I have a few questions concerning the version compatiblity of assemblies.
Let me first depict the scenario:
I am a component designer, my customers are mainly people who design and
sell end-user applications.
I am using design-time licenses and my components are strongly named.
Now I made a update to my component which doesn't break backwards
compatibility and send this version to my customers.
Since my new version is fixing a number of unwanted features, my customers
want to send this update to their customers, but without recompiling their
application, so just the component.
How can this be done?
1. Using a publisher profile file with my component is of no use: according
to the documentation such a file (policy. ... .dll) must be installed in the
GAC of the client PC. Hardly a feasible solution: I don't see their
end-users performing this.
2. Ask my customers to send an (updated) Application Configuration File with
my component, which tells their application to load the newer version of the
component? This would work for them, but for the IT shops that are using my
component (amongst other components from other vendors) this may be a
nightmare, because they have to update the configuration files from all
applications they have made with this component, merging my redirections
with that from other vendors.
Is there no easy, straightforward way to do this? Am I missing something?
Were we not told that everything would installable with a simple copy?
Please advice.
Roland
David Browne - 22 Nov 2004 03:08 GMT
> Greetings.
> I have a few questions concerning the version compatiblity of assemblies.
[quoted text clipped - 8 lines]
> application, so just the component.
> How can this be done?

In this case the AssemblyVersion should _not_ be changed.  If you want
compatability, don't change the AssemblyVersion.  Use the
AssemblyFileVersion to track your builds and versions, but only increment
the AssemblyVersion when you are breaking compatiblilty and want to force a
recompile and allow side-by-side execution.

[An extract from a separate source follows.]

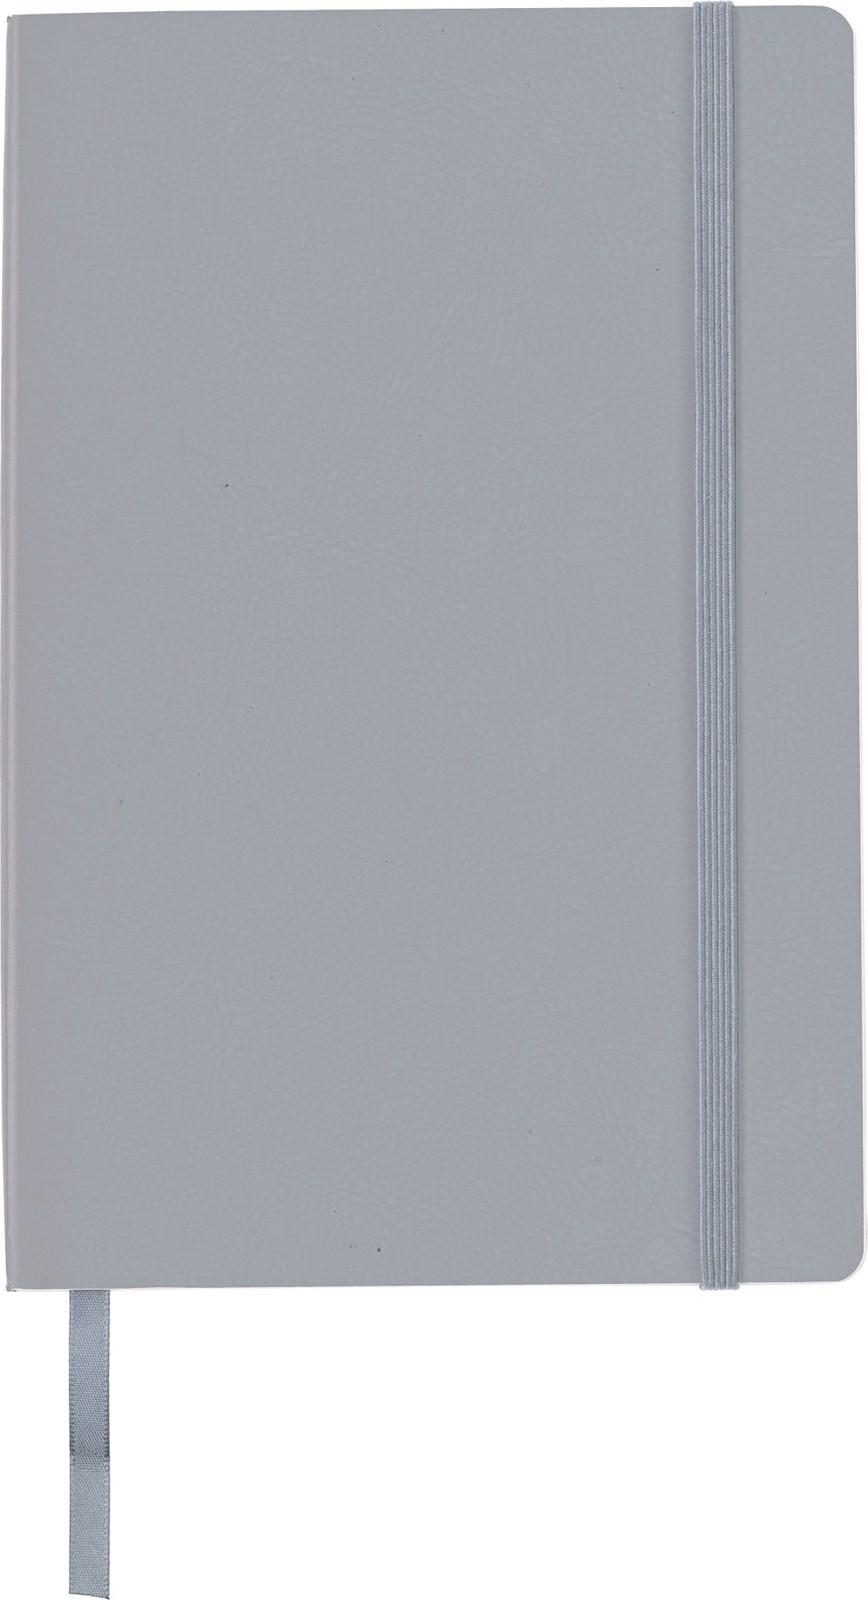 PU notebook - Grey
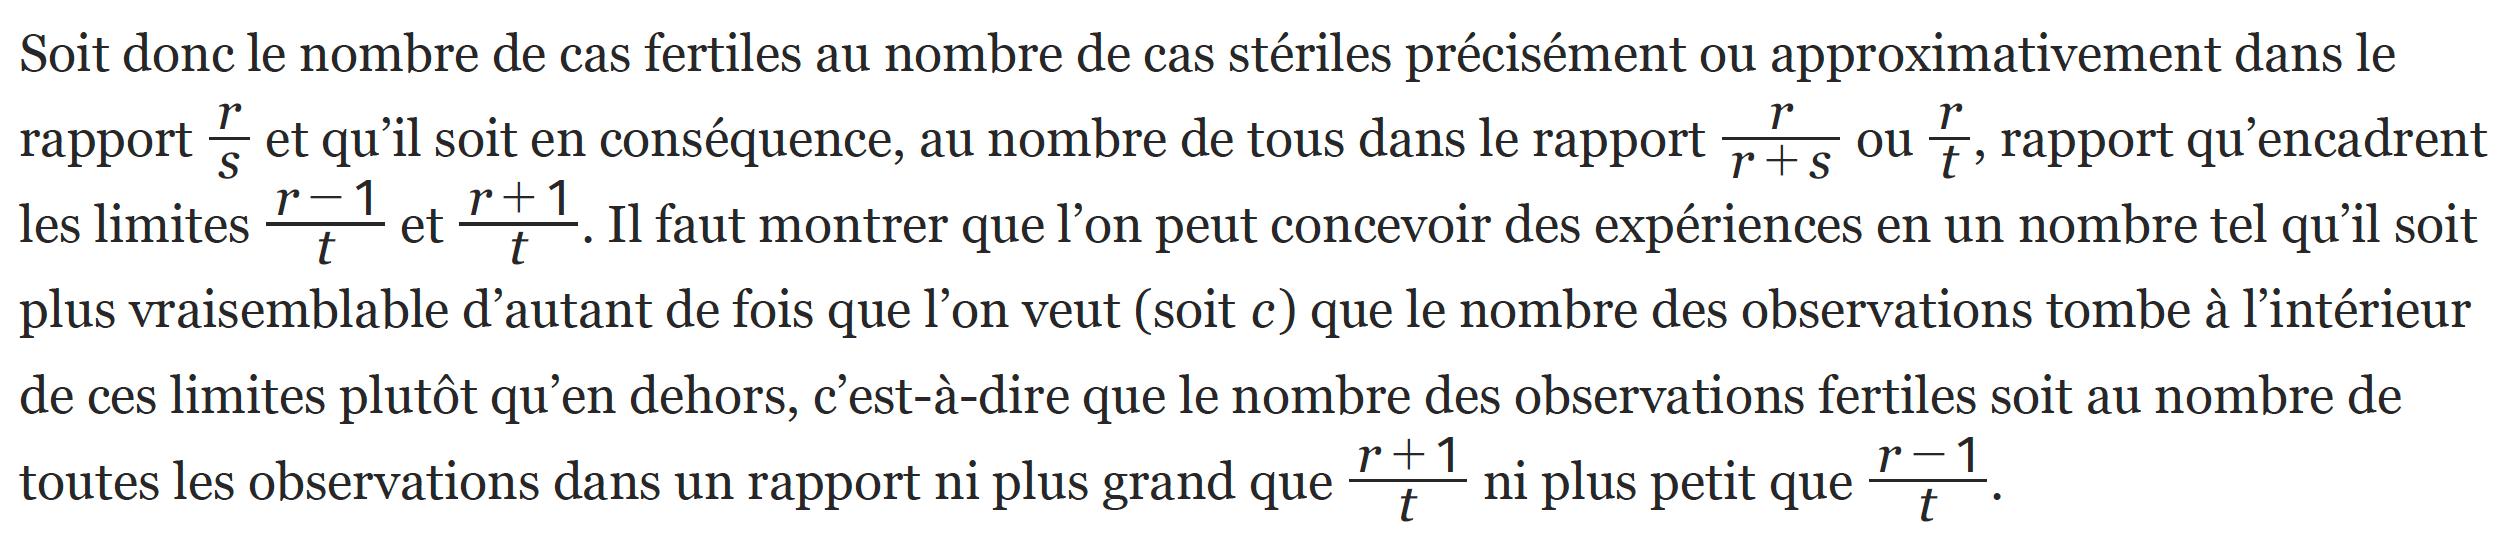 math spécialité - activité - histoire des mathématiques - Deux inégalités pour la loi des grands nombres - Jacques Bernoulli, Ars Conjectandi, 4e partie, traduction du Latin par Norbert Meunier.

I usually increment the only the major and minor versions for the
AssemblyVersion.

So start with:

AssemblyVersion 1.0.0.0
AssemblyFileVersion 1.0.0.0

Fix a bug, and this becomes:

AssemblyVersion 1.0.0.0
AssemblyFileVersion 1.0.0.1

After substantial, but non-breaking changes:

AssemblyVersion 1.0.0.0
AssemblyFileVersion 1.0.1.0

And after a new version with new types and changed interfaces or
backwards-compatibility challenges:

AssemblyVersion 1.1.0.0
AssemblyFileVersion 1.1.0.0

David
roland - 22 Nov 2004 08:01 GMT
Thanks for your reply David, but unfortunately this scheme does not work:
apparently Microsoft changed its approach when going from beta2 to the final
version. In contrast with what happened then, an assembly now has to have
the exact number (major.minor.release.build) as when the application was
compiled or it cannot be loaded anymore, except when a publisher policy
exists or a redirection is put in the application's configuration file.
Before (I didn't test this, so I take it for granted), only the first two
numbers where taken into account, and sadly, most of the people are still
assuming this is the case....
Greetings, Roland

> > Greetings.
> > I have a few questions concerning the version compatiblity of assemblies.
[quoted text clipped - 40 lines]
>
> David
David Browne - 22 Nov 2004 14:27 GMT
> Thanks for your reply David, but unfortunately this scheme does not work:
> apparently Microsoft changed its approach when going from beta2 to the
[quoted text clipped - 6 lines]
> numbers where taken into account, and sadly, most of the people are still
> assuming this is the case....

I think you misread my suggestion.

You are correct that the AssemblyVersion must match exactly, which is why I
suggested incrementing the AssemblyVersion only rarely.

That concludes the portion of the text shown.